The Junos Operating System is turning 20 next year (the First Release was July 7, 1998 according to Wikipedia) and still to this day it includes what is, in my opinion, the most powerful command line interface available on a networking device.

Running Junos

But with the current trend in networking to move towards fully automated, API-driven, SDN-orchestrated, Jinja2 templated nirvana, you’d be forgiven for thinking that switches will all ship with no CLI at all.

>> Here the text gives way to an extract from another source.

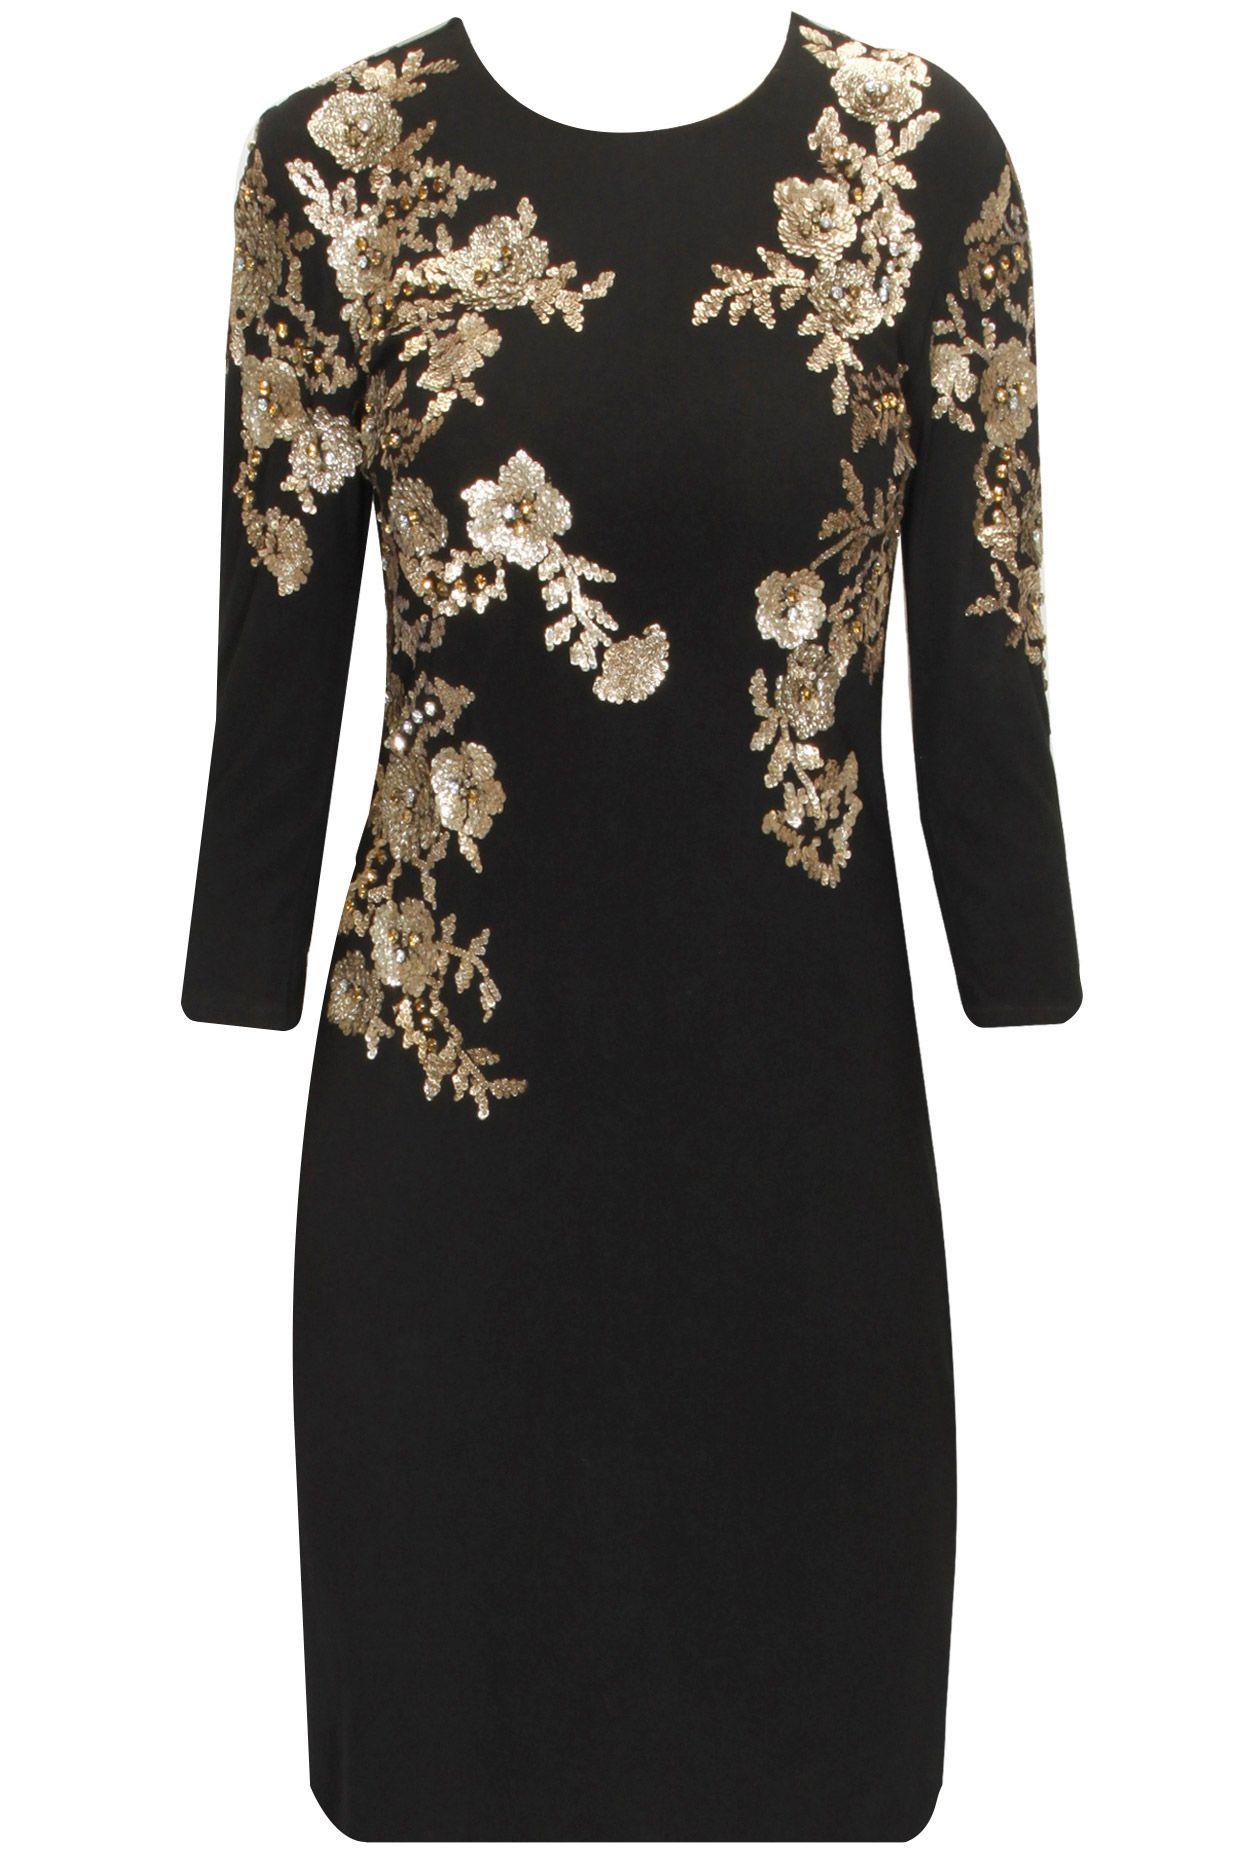 Namrata joshipura black sequins embroidered knee length dress

I’m a bit more of a realist and while I’m completely onboard with the benefits of network automation, I (along with what I suspect are most other Network Engineers out there) also don’t want to have to punch out 400 lines of J2 template code every time I need to test out a new feature, or re-create a customer issue in the lab.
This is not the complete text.